The ever-wise Wayne Dyer speaks of forgiveness as a snake bite - he says what kills you isn't the bite itself, it's the venom. Therefore, metaphysically, after you are hurt or betrayed, it's not the event that (figuratively) kills you, but the anger, the hate and the un-forgiveness that comes along with it.
There have been two major incidents in my life that have called for all-in, full-on forgiveness. And, lemme tell you, it wasn't easy.
Especially the first time. Because, understandably, I was angry and hurt. And I believed that forgiveness meant validating what happened. Being ok with the actions that caused the pain.
But here's the thing:
Forgiveness and letting go have nothing to do with the person who hurt you.

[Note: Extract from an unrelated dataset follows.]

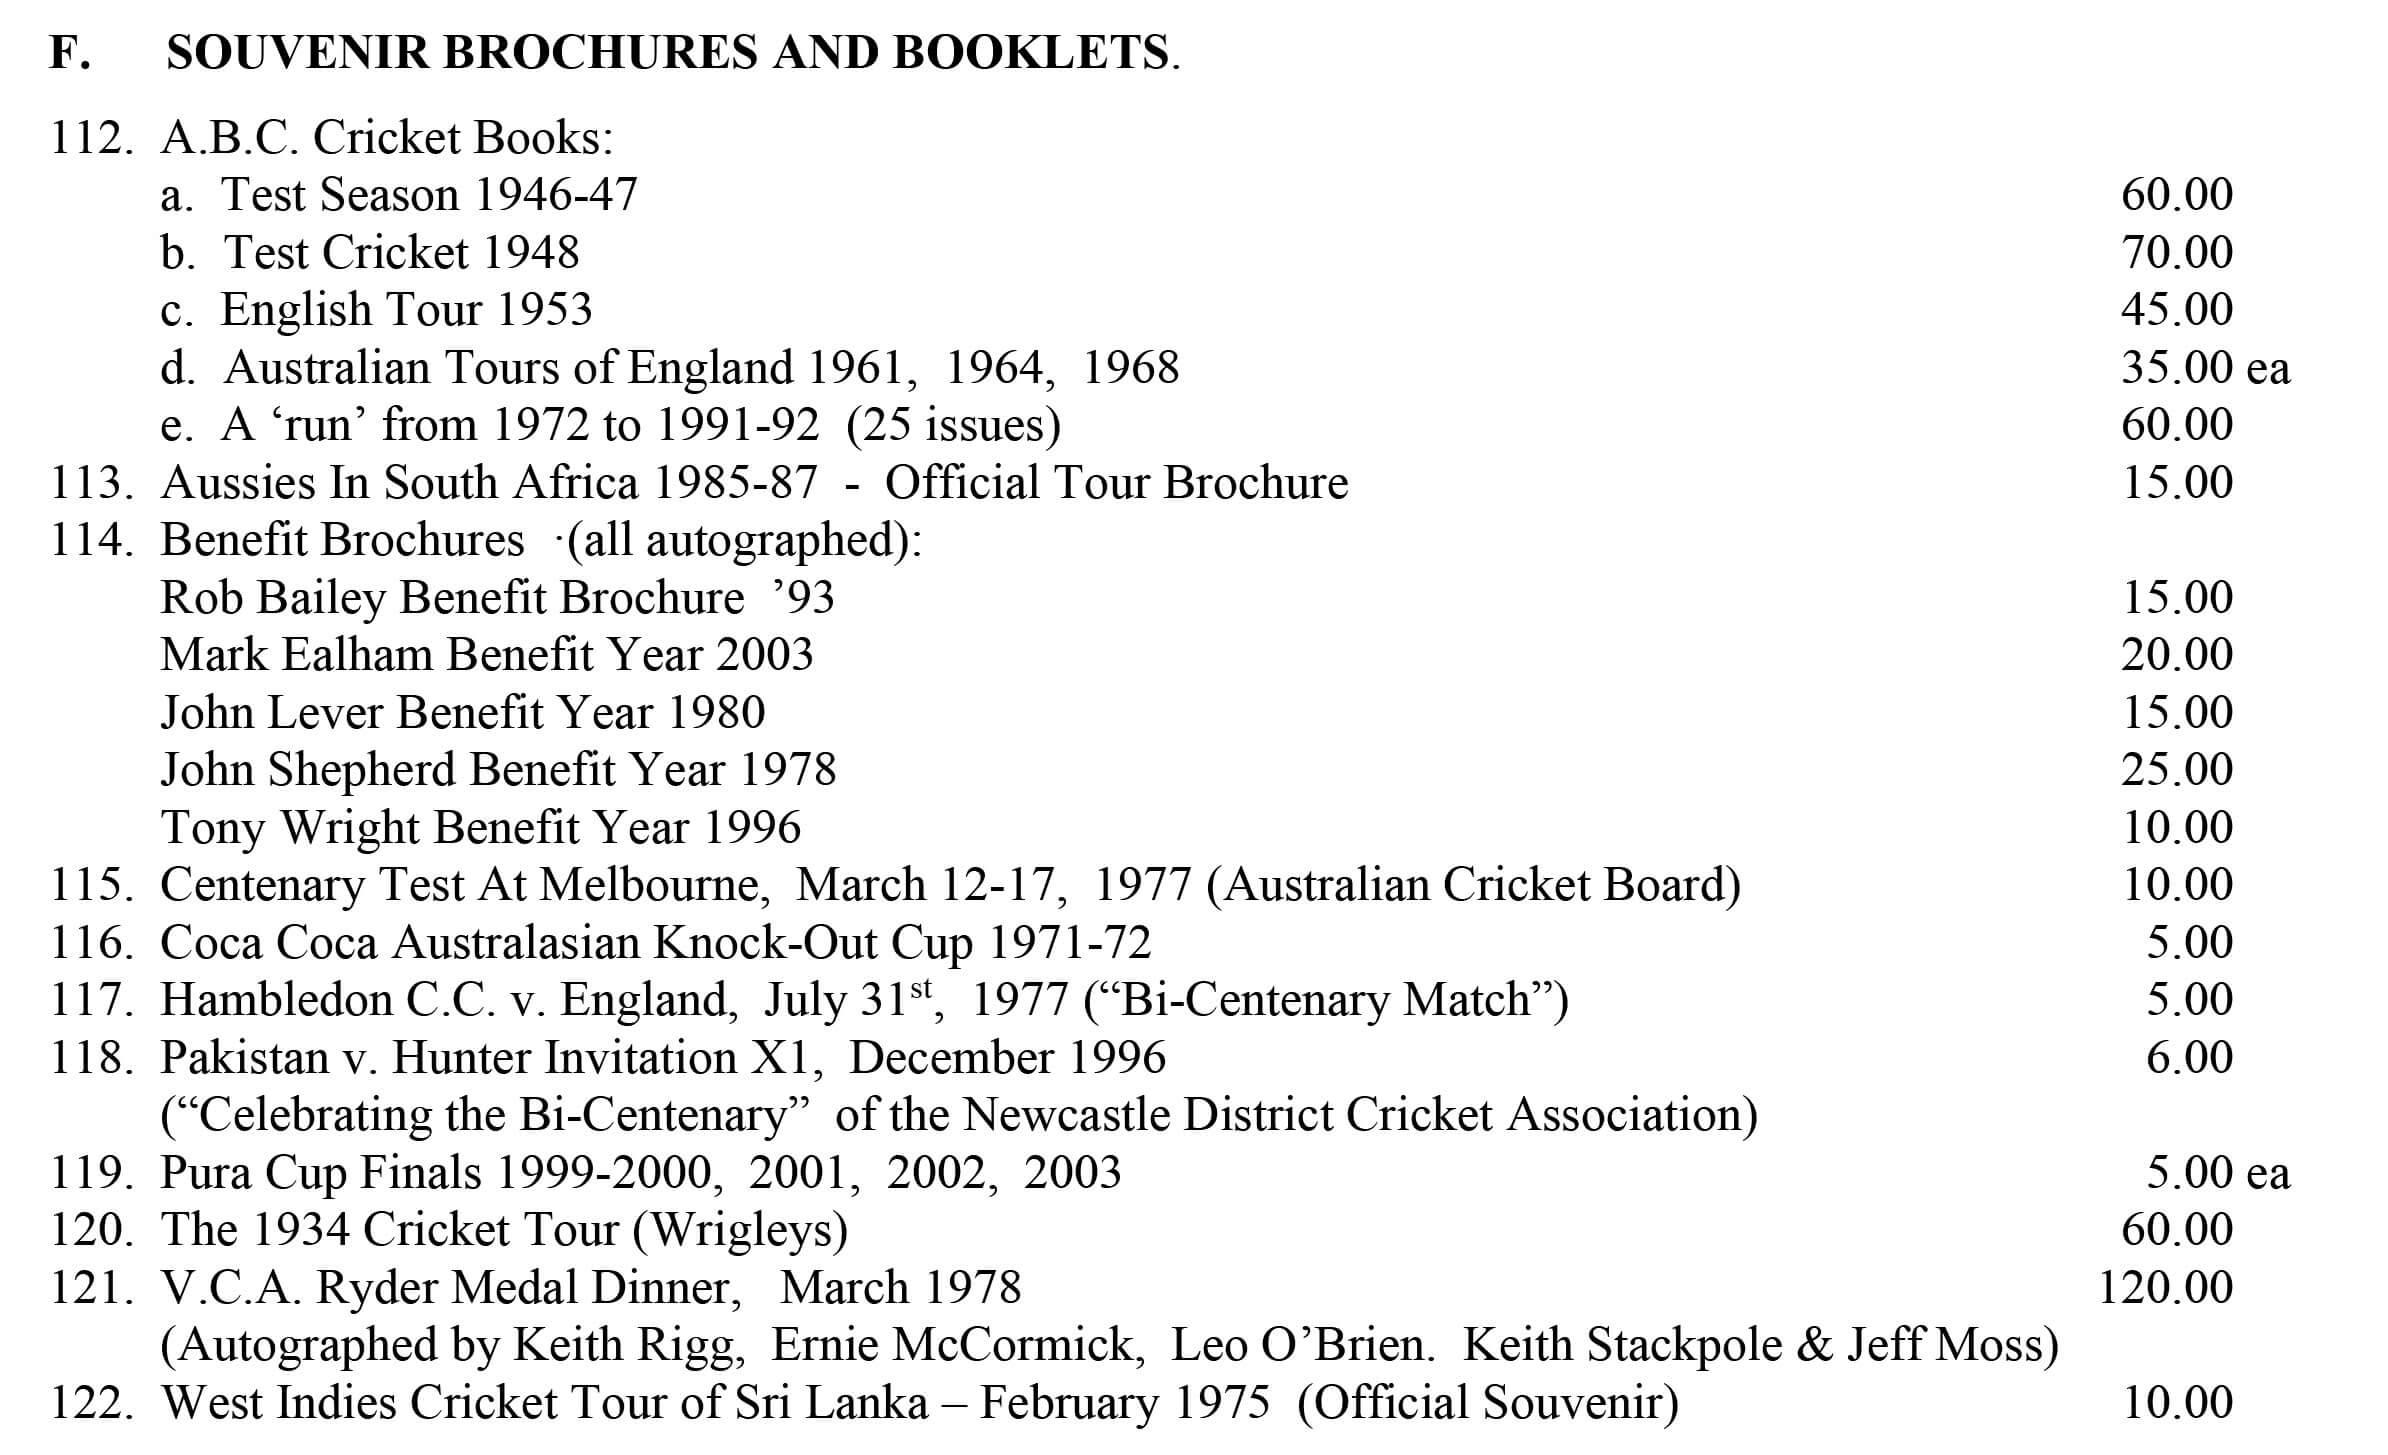 Roger Page Cricket Books Souvenir Cricket Brochures Booklets June 2020

It has nothing to do with the act that plays over and over in your mind.
In no way does it mean you have to become besties with the person in question (unless it's yourself, then - yeah you do!).
During my first true experience of forgiveness, in a moment of revelation (in the shower of course, because all good revelation’s happen in the shower right!), I realised I didn't want to carry that bitterness around with me.
I wanted to step into situations-to-be with a clear heart and an openness to trust.
And the only way to release that heaviness on my shoulders and in my heart was to forgive and let go.
So I began the journey. For me that looked like:
::: Writing a letter, expressing my darkest thoughts, opinions and beliefs and burning it. A real releasing ritual.
::: Making notes about the woman I wanted to be from here on out (loving, trusting, open etc).
::: Interrupting the spiteful thoughts and replacing them with "I forgive you" (this takes practice!).
And over time, the heaviness lifted.
It took a little while, sure, but the second time I needed to forgive (different person, different situation) it was so much easier. It was as if my mind had been trained in the art of forgiveness and the whole experience was expedited.
Forgiveness is all about Y O U.
It's lightening your load, easing your burdens.
Allowing you to move forward in your life with love, not fear.
Forgiveness is the fragrance that the violet sheds on the heel that has crushed it.
- Mark Twain
In the spirit of a new year, who can you begin to to forgive today?
Perhaps it's someone else.
Perhaps it's yourself.
You are more than worthy.
Wishing you a light-filled start to this year.